My body is tired from getting up early. My brain is tired from listening to small children say the same thing over and over and over again (and when I hide in the bathroom they find me and say the same things over and over and over again only this time it's through the door). And my heart is tired from caring about four little souls who need Jesus and my friend who just found out she has cancer and what about that friend stuck in a bad relationship?

And you know what? I tell God I'm tired. And this is what He says;

"Even youths shall faint and grow weary, and young men shall fall exhausted;" Isaiah 40:30

And I say, yes Lord. You've got that right. I'm exhausted. I need a vacation. I need to just go away and stop caring so much about people and have a break. Yeah, I need a break. And a book. And some tea. And a servant would be nice too. 

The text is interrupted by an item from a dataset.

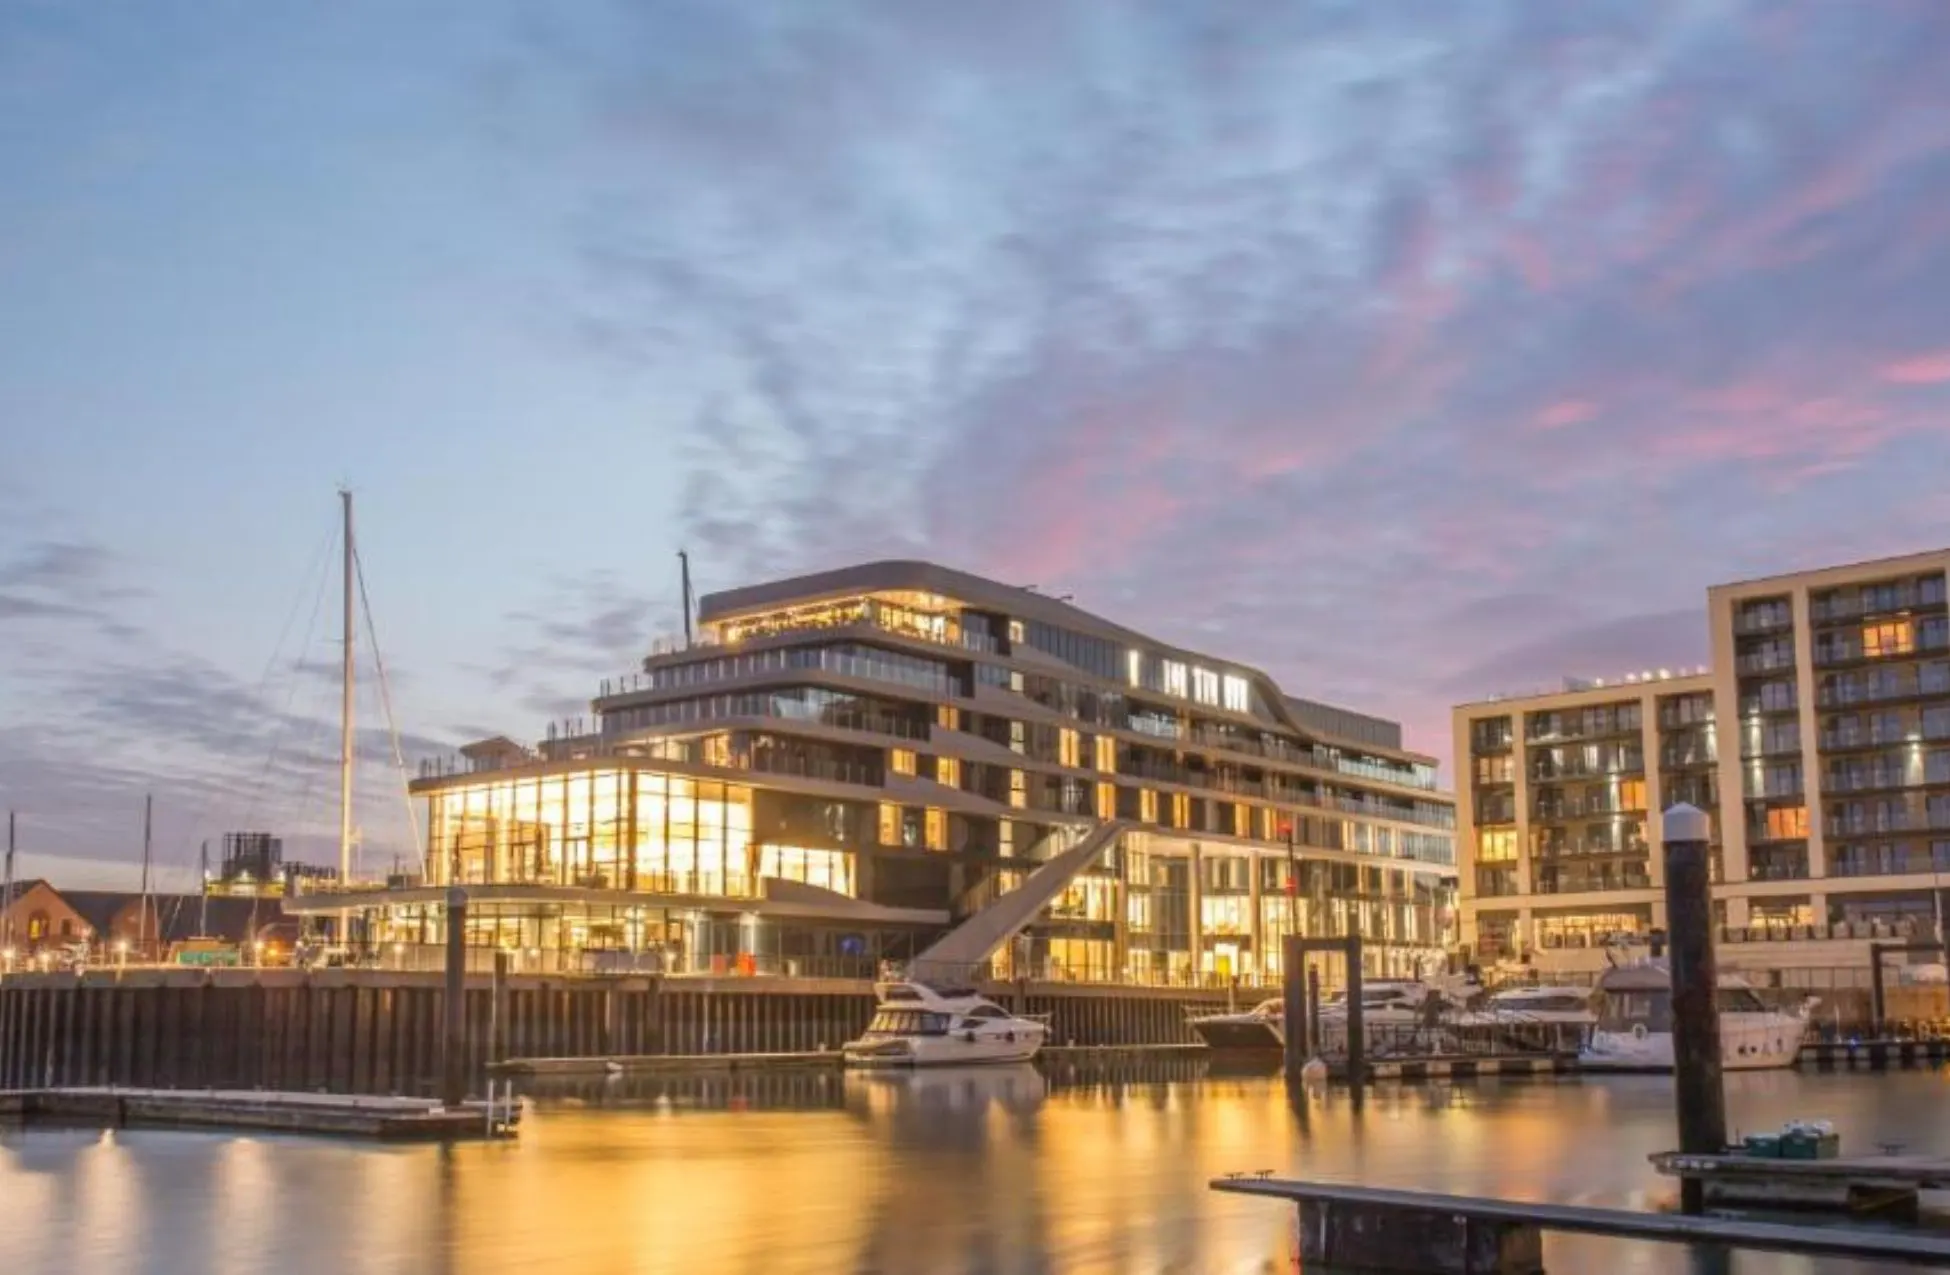 Harbour Hotel Southampton - Best Hotels In Southampton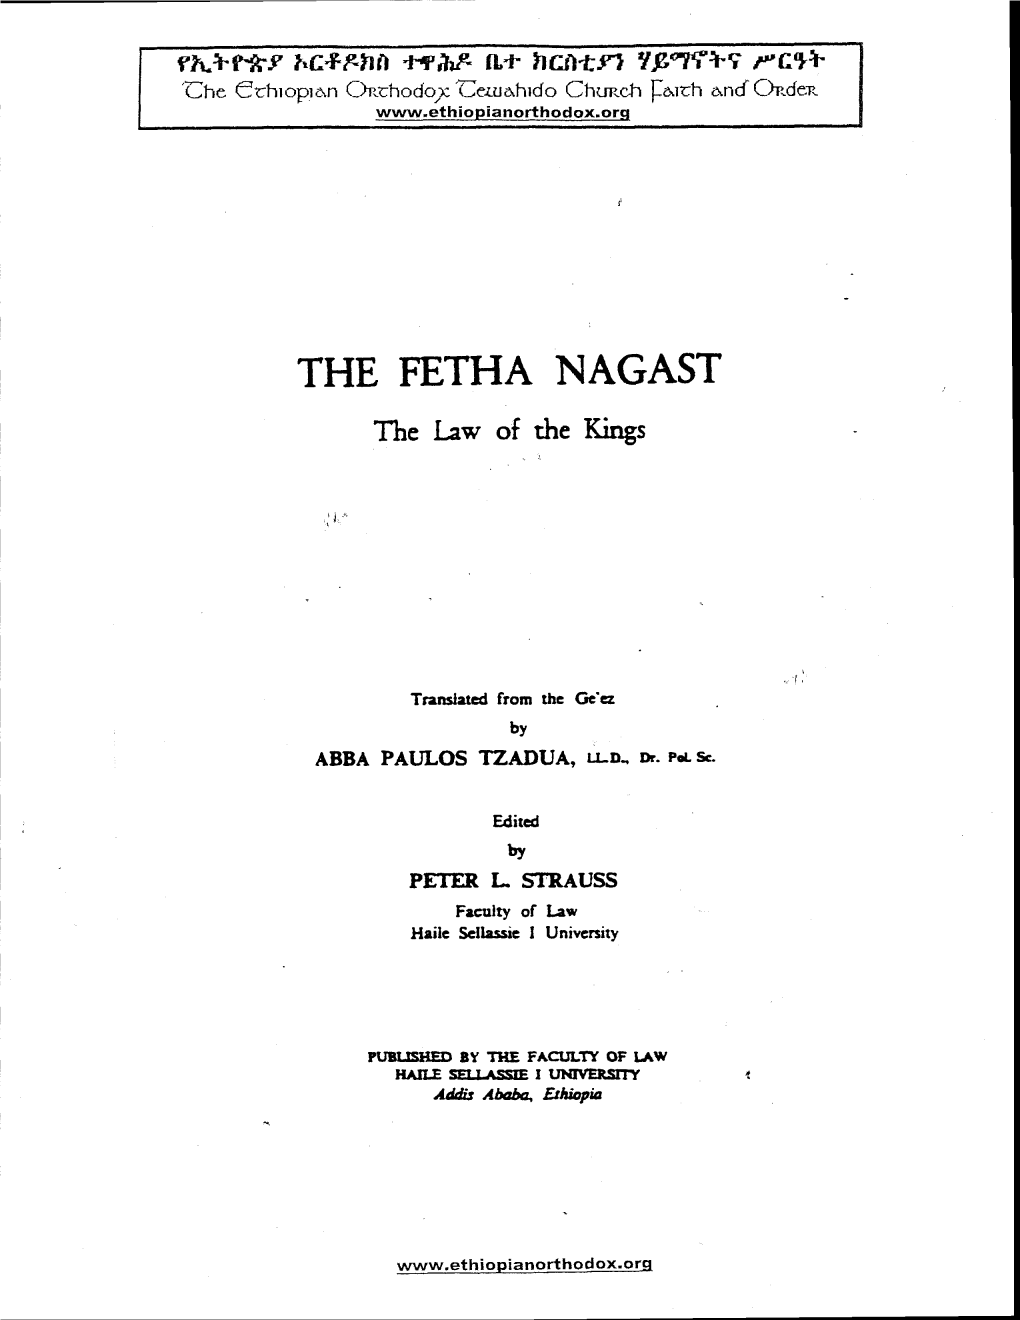 The Fetha Nagast, "The Law of the Kings"

And God says. "but they who wait on the LORD shall renew their strength; they shall mount up with wings like eagles; they shall run and not be weary; they shall walk and not faint." Isaiah 40:31

And it's as if God smiles a kind, all-knowing, fatherly smile and says. "I know you're tired. You're human. I made you out of dust. I am God. I know what is best and I love you. Wait on me."

I read those words...and I'm still tired (like I should be in bed...an hour ago). But some how the load does not seem so heavy any more. God understands that I am tired and weary and need a break. But even more than needing a break He knows that I need Him. If I never grew tired or weary would I depend so heavily on God? No. Absolutely not. John Calvin said that our hearts are idol factories and I know my heart is always a high-production-operation in this regard; my biggest idol being myself. If I thought I had no need for God I would not depend on Him at all.

So I am thankful for being weary because it makes His sufficiency shine all the brighter.

And it also amazes me that often, when I feel like my fuel is low and I'm on the brink, He provides for me a time of rest. In His providence I have next week off work. And while my schedule is quickly filling up He has also left me time to relax and be with Him. To wait on Him. To renew my strength.

For the weariness and refreshing I am thankful.